**EXERCISE AIM:**
The reply is a verbatim copy of the listing below with its images dropped.

**THE DATA:**
○ ○ ○ ○ ○

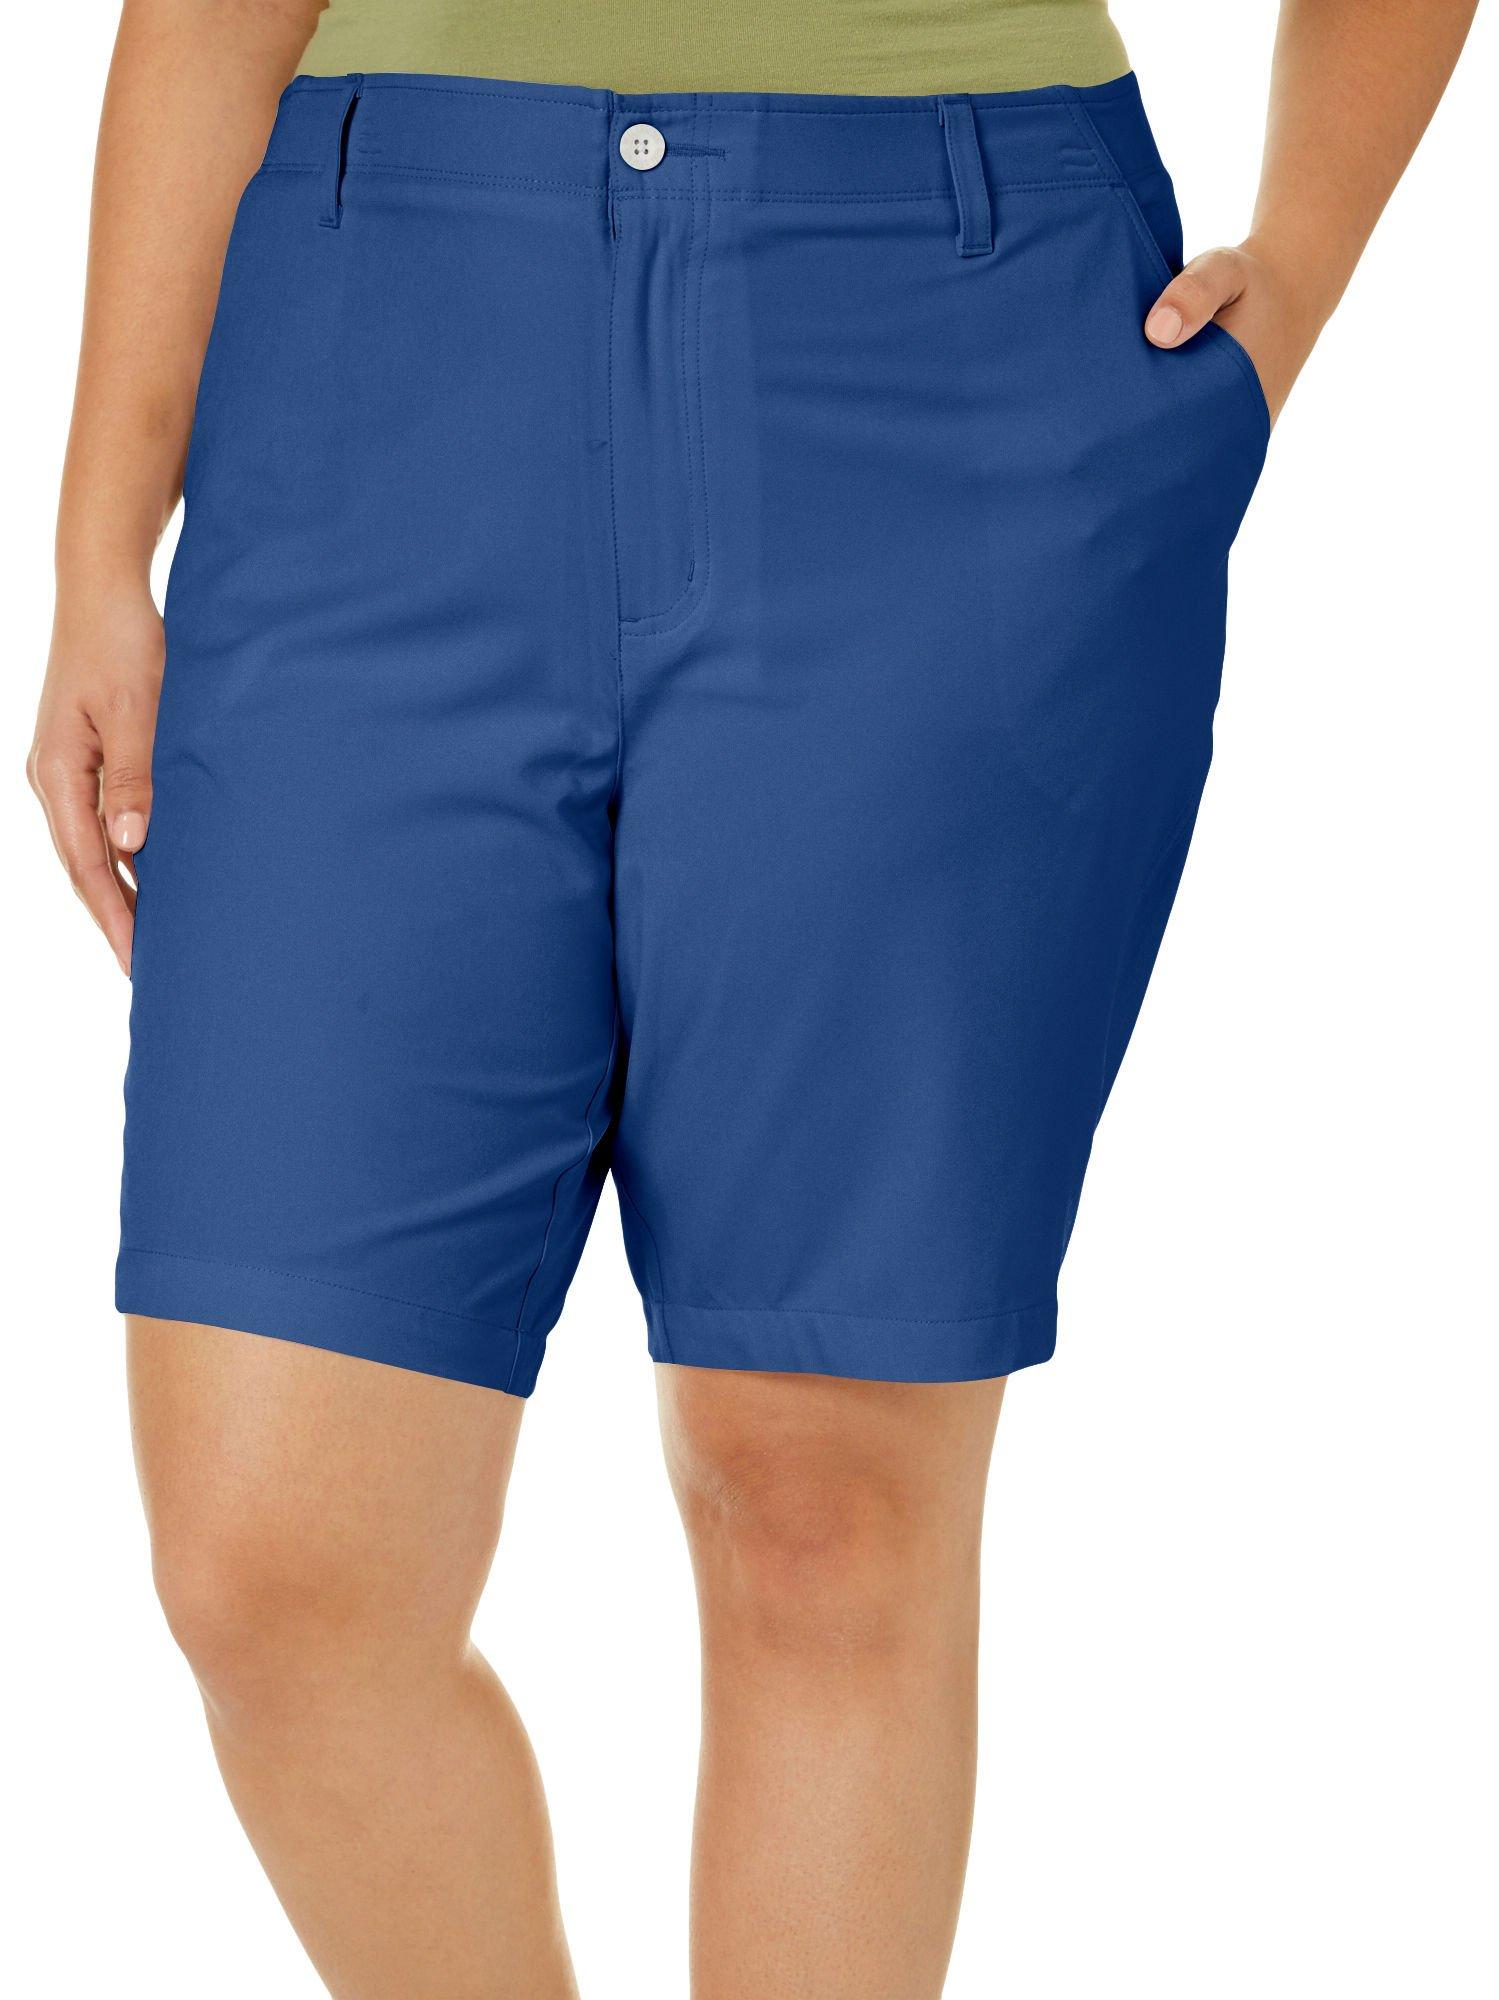 Reel Legends Plus Solid Comfort Waist Bermuda Shorts 20W Estate Blue
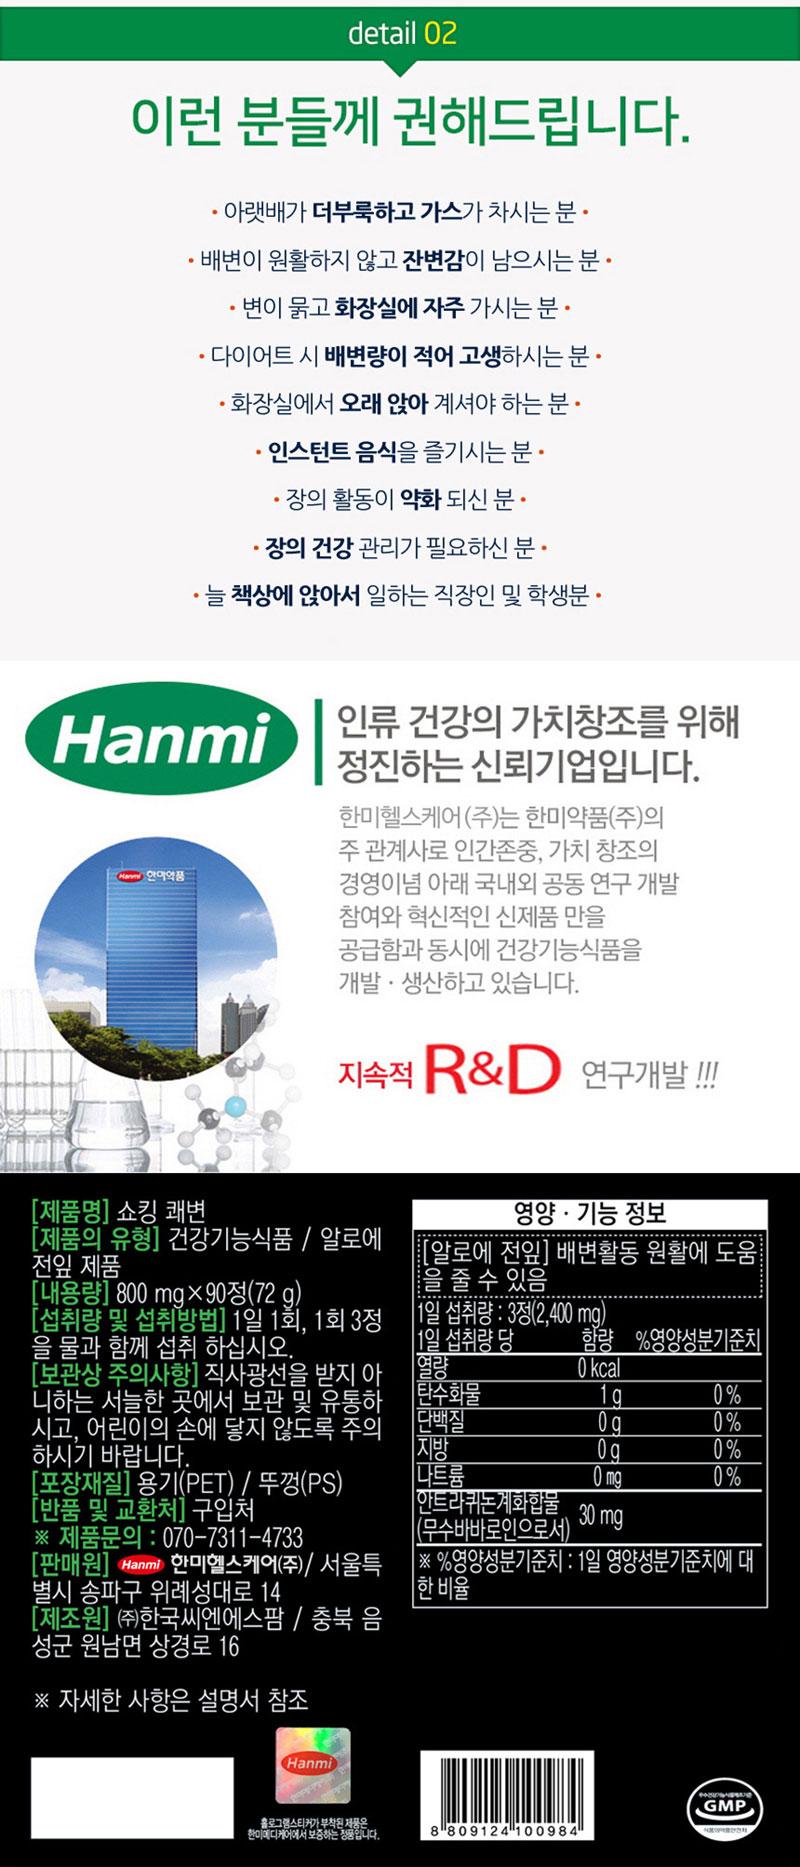 Hanmi-Showking_good_bowel_detail_800_4.jpg
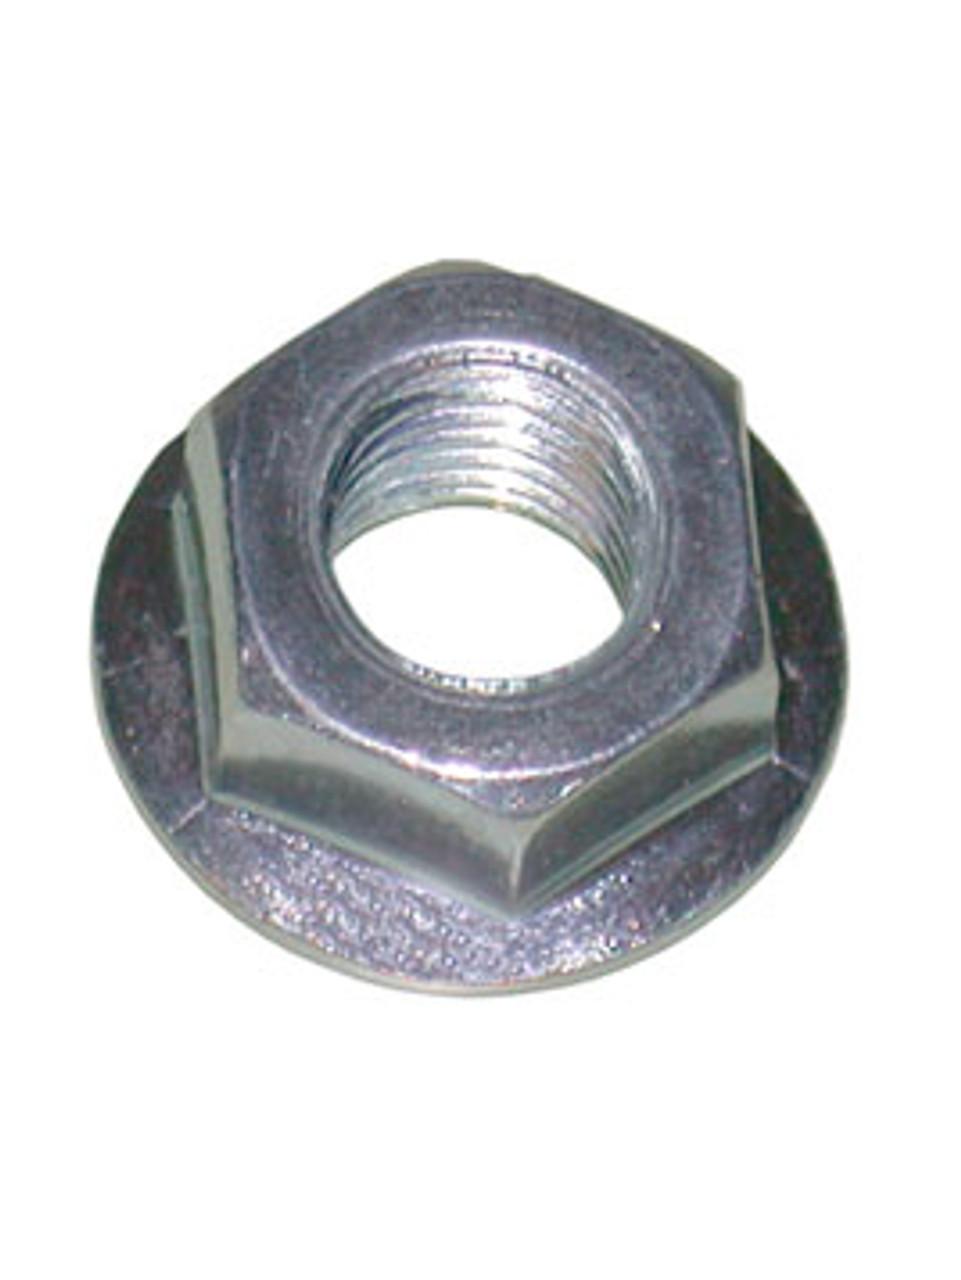 6-92-1 --- Flanged Lock Nut
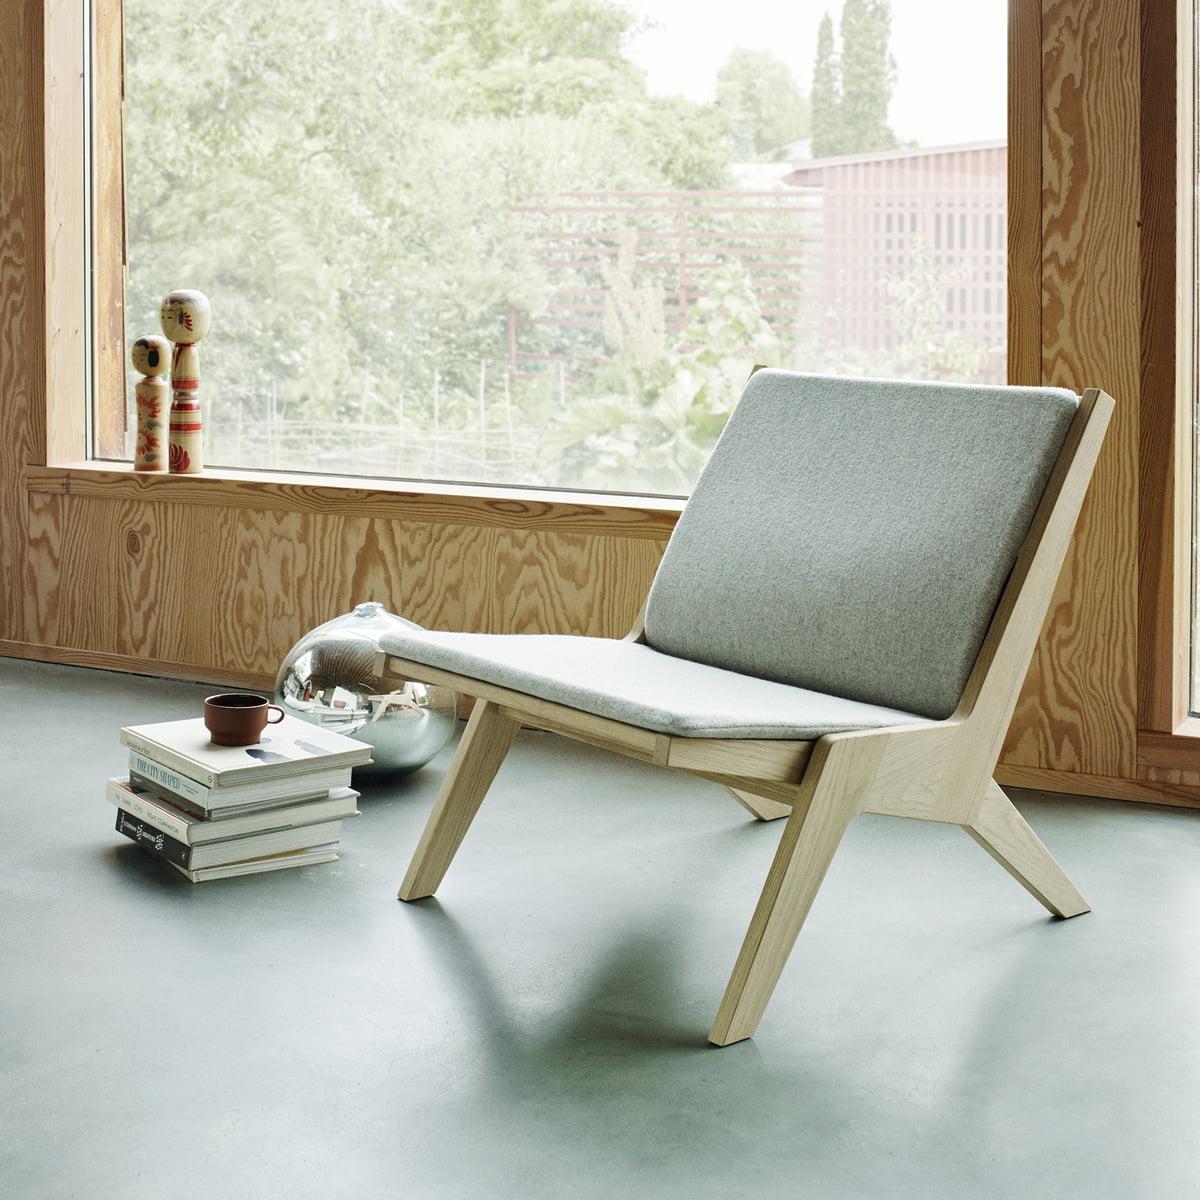 Miskito Lounge Chair by Skagerak in Oak / Light Grey & Miskito Lounge Chair by Skagerak in the shop

○ ○ ○ ○ ○

**EXERCISE ANSWER:**
 Reel Legends Plus Solid Comfort Waist Bermuda Shorts 20W Estate Blue
 Hanmi-Showking_good_bowel_detail_800_4.jpg
 6-92-1 --- Flanged Lock Nut
 Miskito Lounge Chair by Skagerak in Oak / Light Grey & Miskito Lounge Chair by Skagerak in the shop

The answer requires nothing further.